Cathinones (also known as benzoylethanamine, or B-keto-amphetamine) is a monoamine alkaloid found in the shrub Catha edulis (khat) and is chemically similar to ephedrine, cathine, methcathinone and other amphetamines.
It is probably the main contributor to the stimulant effect of Catha edulis. Cathinone differs from many other amphetamines in that it has a ketone functional group. Other phenethylamines that share this structure include the stimulants methcathinone, MDPV, mephedrone and the antidepressant bupropion among others.
Khat has been cultivated in the Horn of Africa and Arabian Peninsula region of the world for thousands of years. It is most commonly chewed for the euphoric effect it produces. The active ingredient was first proposed in 1930, when cathine was identified as a predominant alkaloid in the plant.
Cathine was thought to be the main active ingredient in khat until the 1960s, when it was found that the amount of cathine in the khat leaves is insufficient to produce the effects observed. In 1975, the United Nations Narcotic Laboratory analyzed khat leaves from Yemen, Kenya and Madagascar and found the presence of a different alkaloid, cathinone.

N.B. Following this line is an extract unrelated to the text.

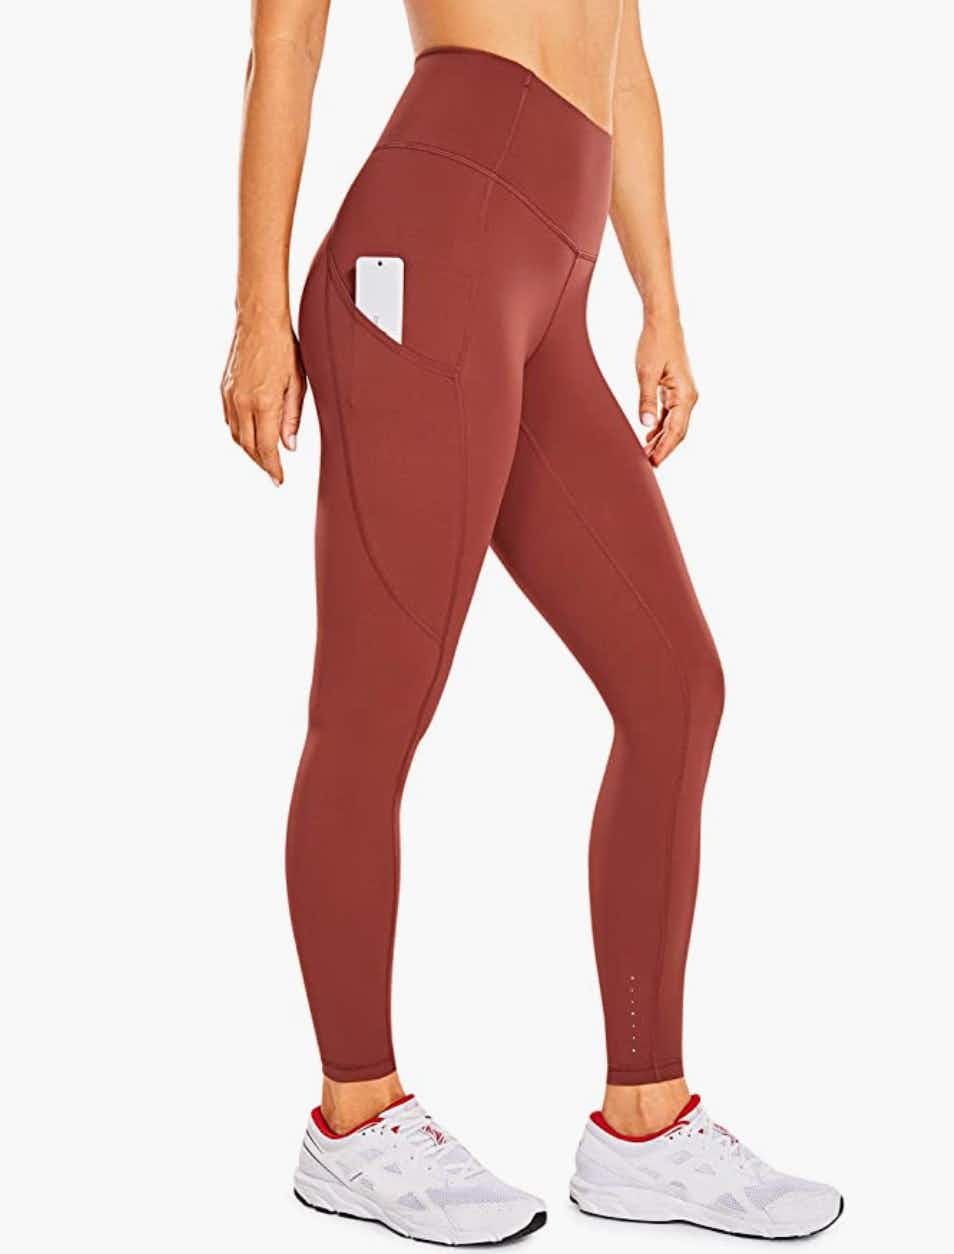 Are Costco Yoga Pants Made by Lululemon? - Playbite

Cathinone is a similar molecule to cathine, but is much more abundant in younger plants. This finding caused scientists to speculate about whether cathinone was the true active ingredient in khat.
A study was conducted in 1994 to test the effects of cathinone. Six volunteers who had never chewed khat were given an active khat sample and a cathinone-free placebo sample. The researchers analyzed the participants’ moods, activity levels and blood pressure before and after consuming the khat or placebo. This analysis showed that cathinone produced amphetamine-like symptoms, leading the researchers to confirm that cathinone, not cathine, is the active ingredient in khat leaves.